Alexei Ramirez and Tyler Flowers also homered, part of a 17-hit attack for the White Sox, who have won the first two games in the series with ace Chris Sale set to start on Saturday night.
Danks was coming off his shortest start of the season, lasting just 4 1/3 innings against the Astros on Sunday. But he bounced back strong, at one point retiring 12 straight Twins in the middle innings.
"I did put a little extra pressure on myself this time, coming off that one," Danks said. "I didn't want that to turn my season around. I didn't think it would, but I certainly wanted to get back out there."
On Friday, Danks gave up four earned runs on six hits, walking nobody and striking out five to reach nine wins for the first time since 2010. But instead of focusing on the past, or worrying about trade rumors of the present, he's happy to look to the future.
"We don't want to stop there," Danks said. "We're just going to keep grinding. We've got a long season ahead of us and we don't feel like we're out of it. We're going to try to win as many games as we can and hopefully creep back up in the Central and see what happens."
The offense took a lot of pressure off with seven runs in the first four innings, allowing Danks to focus on throwing strikes, getting ahead of hitters and letting his defense take care of the rest. It's a pattern that worked well for him when he won 40 games from 2008-10. And after an injury-plagued stretch, it seems to be working for him again.
"It's certainly a humbling game," Danks said. "There was a day when I felt like if I didn't get to certain plateaus it would be a bad season, and now I'm excited to get back to where I think I was."
Abreu got the White Sox off to a quick start with a three-run blast in the top of the first. Adam Eaton and Ramirez led off the inning with singles against Twins starter Kevin Correia. Abreu then crushed a 1-2 curveball 427 feet to left-center that landed in the Twins' bullpen. Just like that, three batters in, the Sox led, 3-0.
The long ball snapped a seven-game streak without a home run for Abreu, who extended his current hitting streak to 15 games. In his last 34 games, Abreu has been held hitless once.

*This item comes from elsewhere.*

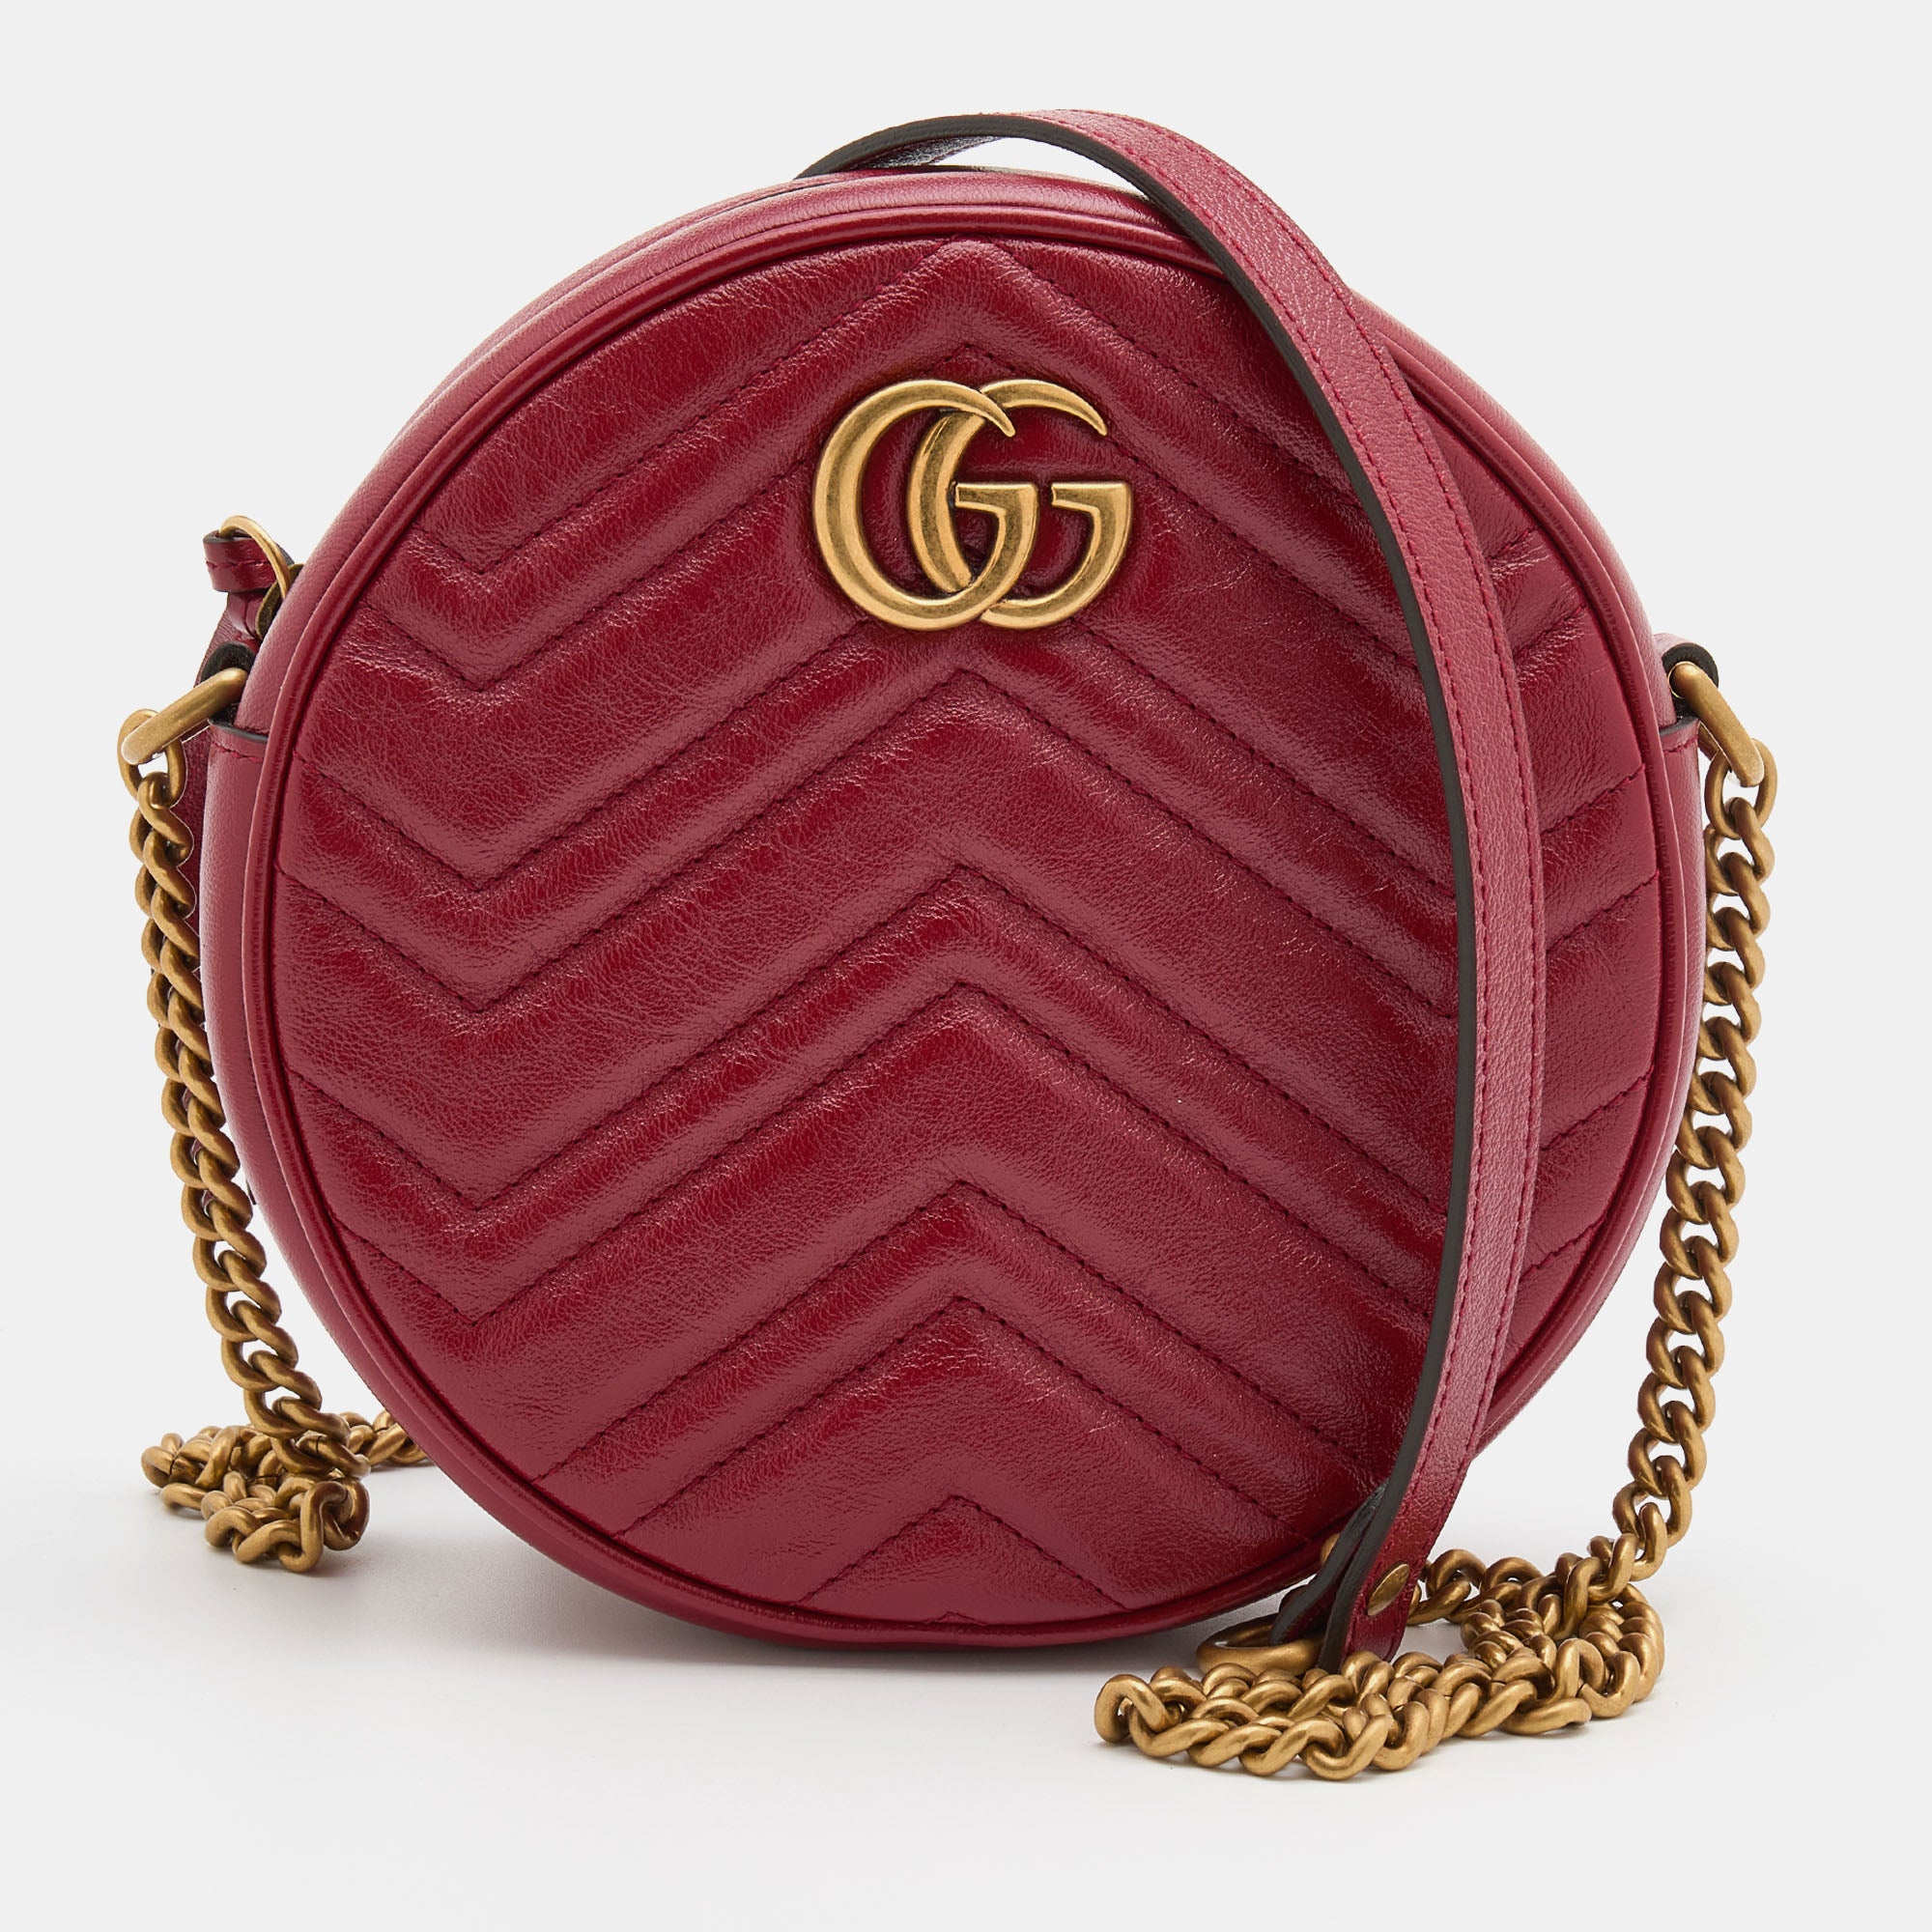 Gucci Red Matelasse Leather Mini GG Marmont Round Shoulder Bag

"You just expect him to be in the middle of things when it's happening," manager Robin Ventura said. "If he's hitting well, it seems like we're doing well. There's a lot of good things that happen when we get guys on base and he's up there."
The Twins got one back on Kurt Suzuki's sacrifice fly in the second, but Ramirez restored the three-run cushion by blasting one off the facing of the second deck in left leading off the third.
Chicago's hits weren't all highlight-quality, however. For example, picture this two-run rally: Ramirez drew a one-out walk in the fourth and moved to second on Correia's errant pickoff attempt. Adam Dunn drove him in with a bloop single to left, moved to second on a wild pitch and scored on Viciedo's bloop single to right.
"We were hitting chalk lines and dribblers out front," Ventura said. "You don't see that very often, that kind of stuff happening. It makes you feel good. You feel optimistic going to the plate. You feel like you're going to score some runs and you feel like you've got a little luck on your side too."
Given the state of the White Sox starters -- who as a group have the second-best ERA in the American League since June 23 -- a breakout night like this on offense could serve as a springboard for a playoff run in August and September.
"A lot of it has to do with our offense," Dunn said. "We pretty much get consistent pitching each and every night. If we can go put up five, six runs a game, I definitely like our chances."